Paul Bosher: 1st June 2022
I was asked recently if I could help with a small business’s innovation strategy, I replied "yes you should focus on things that your consumers want but aren’t currently getting"
Often when I am involved in innovation work the conversation quickly turns to product, indeed the term NPD is regularly used synonymously for innovation. Of course, innovation does rely on great concepts being brought to life through products and services. It’s my belief, however, that genuine innovation is about people, not just on the outcomes that it brings to people, but in the way it changes their behaviour.
If you think about innovation as a simple graph, the y-axis shows the degree to which the product is changing, the x-axis shows the degree to which people’s behaviour needs to change.
For innovation to be genuinely game-changing it needs not only to bring new and different products or services but also requires a change in consumer behaviour, without the latter, it’s too easy to be stuck in an incremental NPD cycle that is easy to copy and isn’t delivering against genuine consumer needs.
My favourite example is male grooming – shaving to be specific. For years the main players in the market kept innovating with more blades, extra strips, battery power etc. None of these substantially changed how consumers behave and indeed from the consumer’s perspective, despite the level of “innovation”, the consumer perception of razor performance was unchanged.
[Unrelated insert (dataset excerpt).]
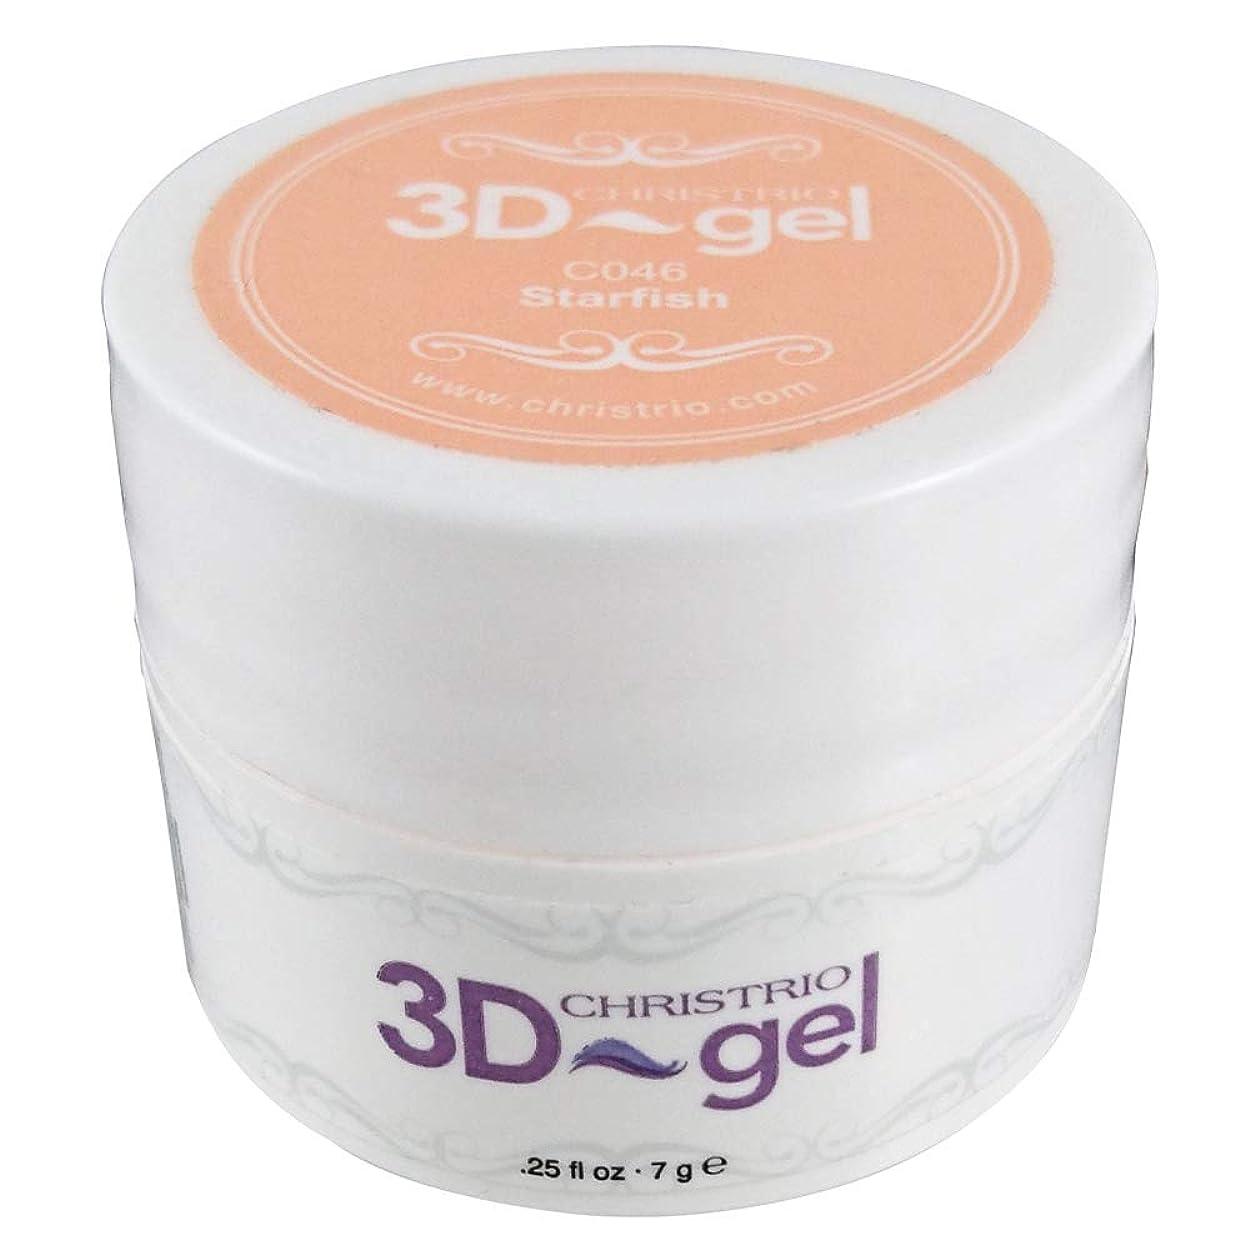 アッパー腐食するタブレットCHRISTRIO 3Dジェル 7g C046 スターフィッシュ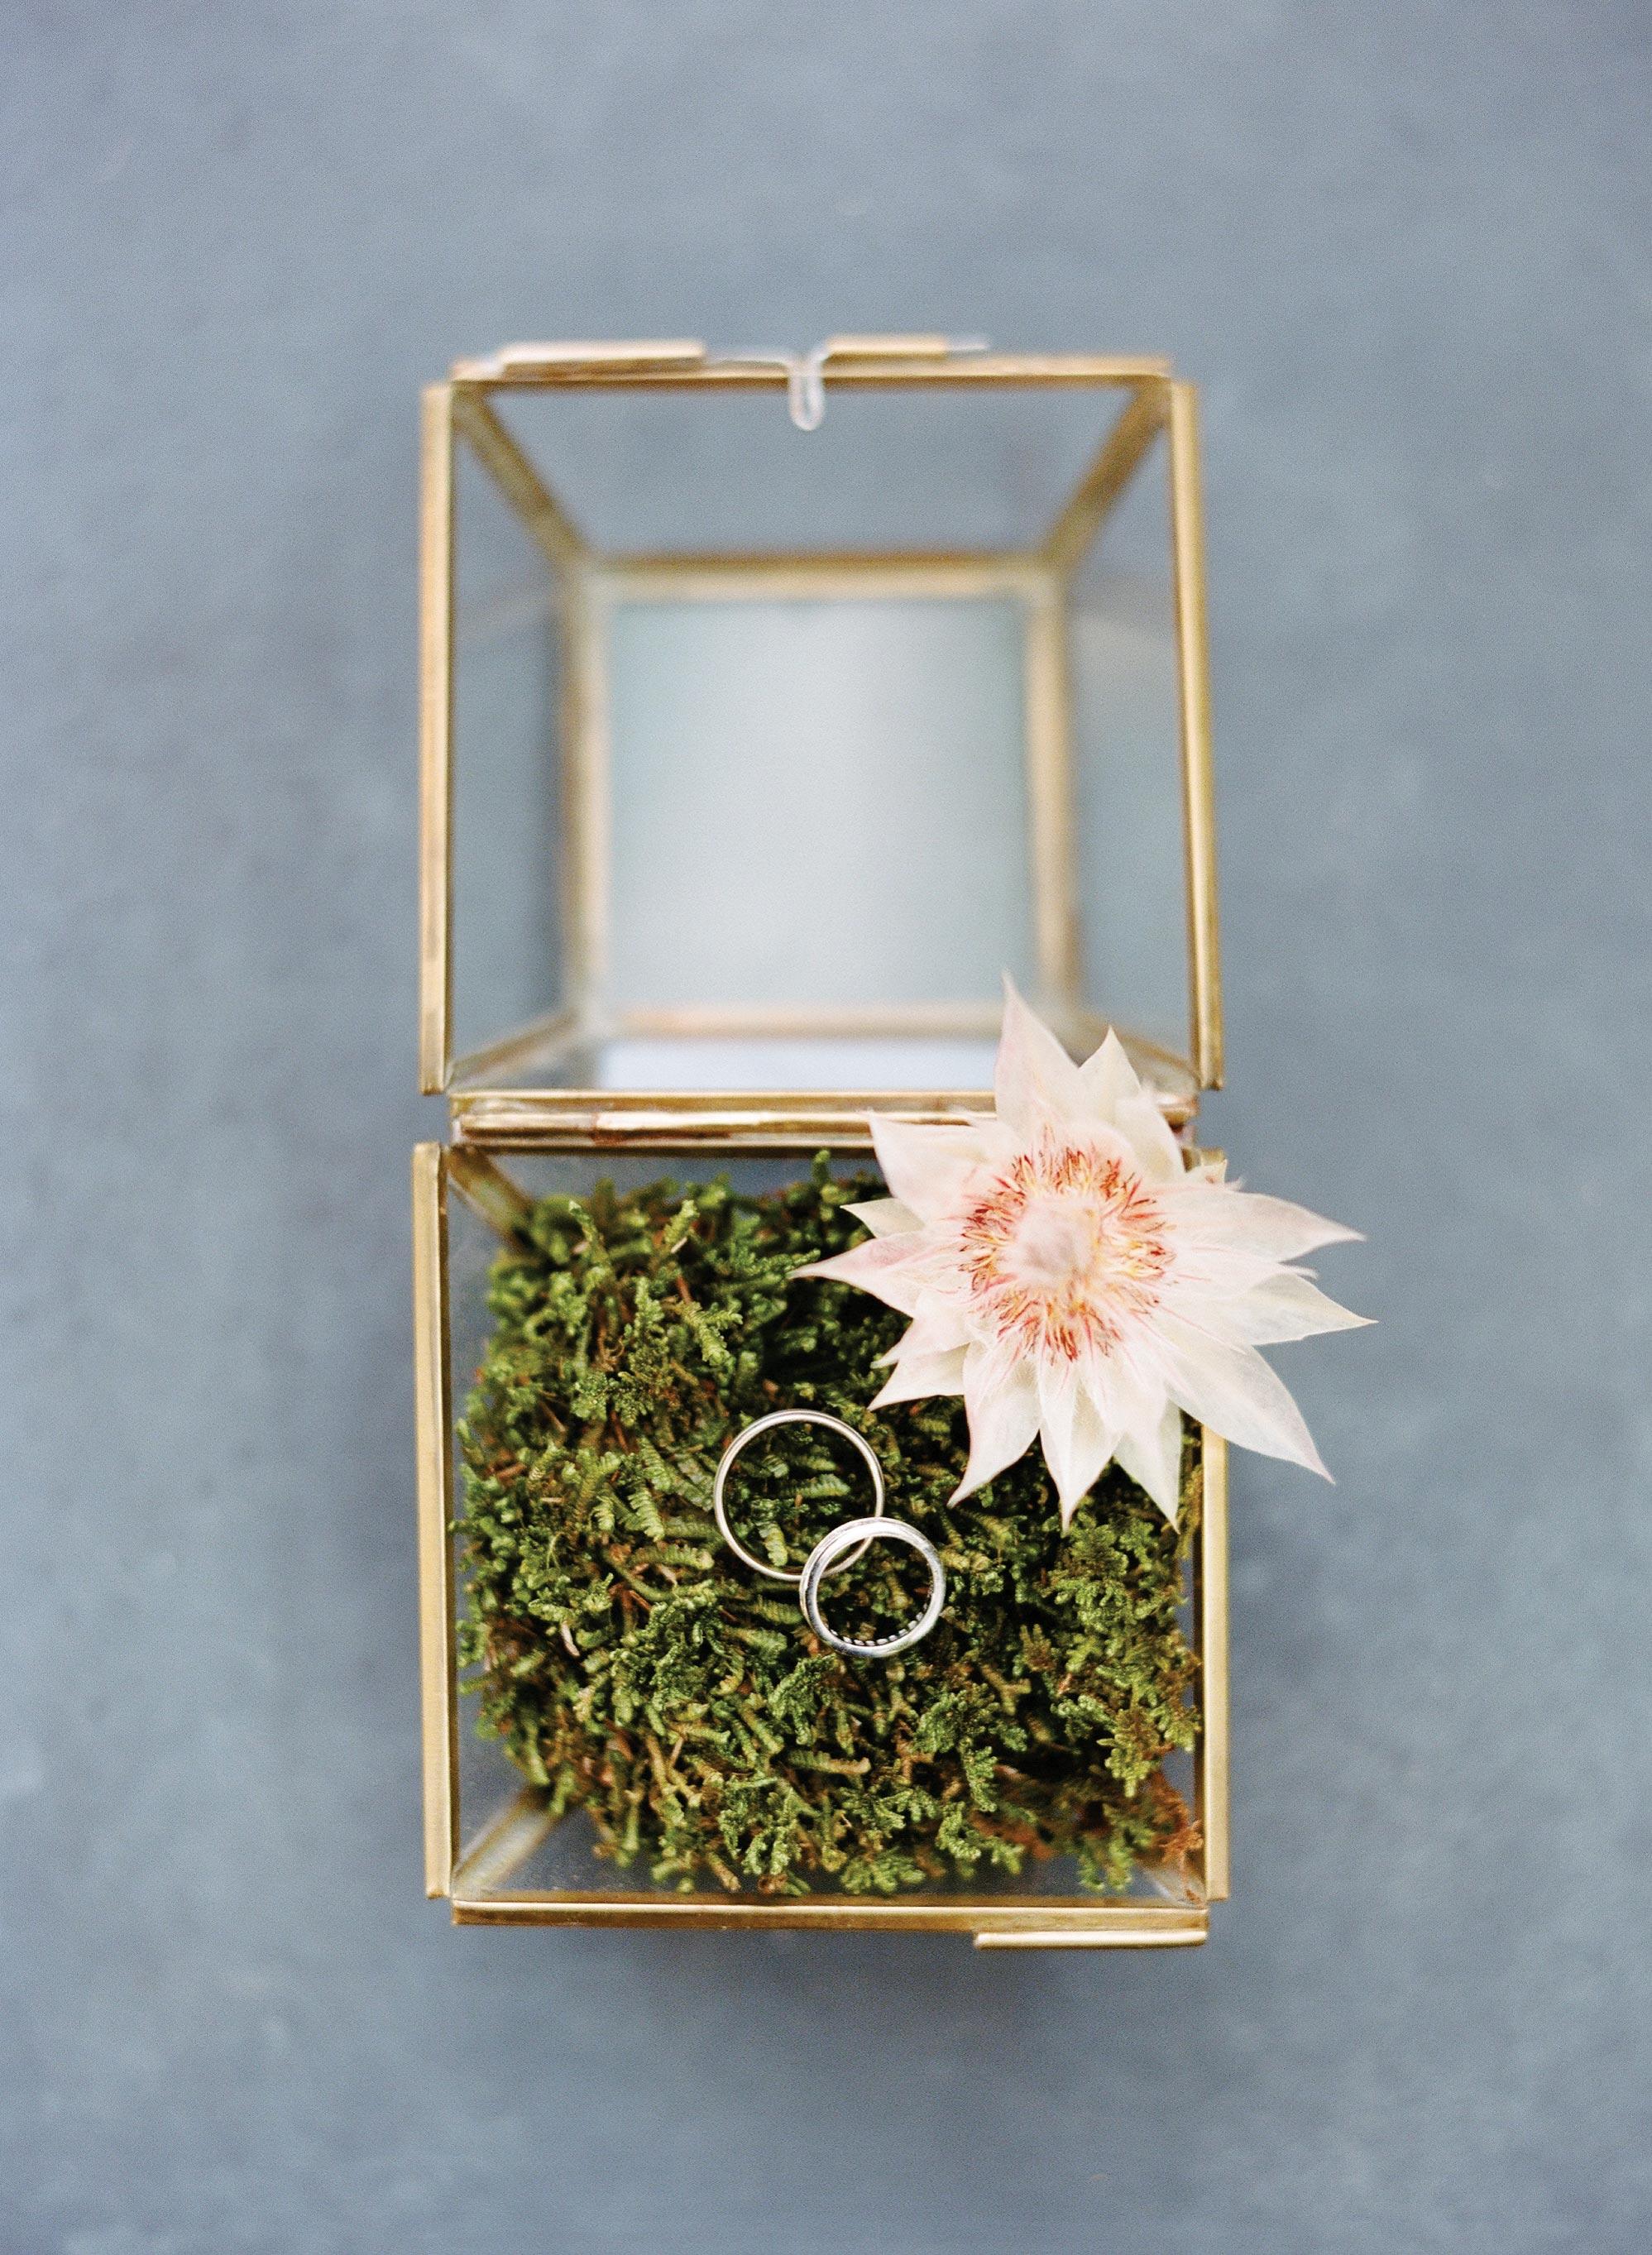 glara matthew wedding ring box

The reason was consumers didn’t change their blades frequently enough, which meant they weren’t sharp and didn’t perform as expected. The key reasons for not changing the blades were cost and convenience – blades had become very expensive and not a regular enough purchase to be easily remembered.
Enter Dollar Shave Club, which, through its subscription service met both these needs and forced a complete change in consumer purchasing and usage behaviour and ultimately a multi-billion dollar take over from the world’s largest shaving brand.
This is not the only example, most if not all the genuinely impactful innovation in recent years comes when the outcome for the consumer is so compelling, that they are willing to adopt a new behaviour, coupled with a significantly enhanced product the results can be staggering. Think iPhone, Uber, Airbnb, Ancestry.
Of course, it’s usually easier from the brand’s perspective to keep changing the product, you have almost total control over that, changing people’s behaviour is harder, but people will change their behaviour, sometimes radically, if the outcome genuinely solves their needs and this can often lead to far greater loyalty and advocacy
And that’s the point here. Innovation isn’t primarily about how great you can make your product or service, how robust your creative process is, it’s about looking at the world from the perspective of the consumer and focusing on what they really want – it’s unlikely the answer will be a 6th blade on their razor.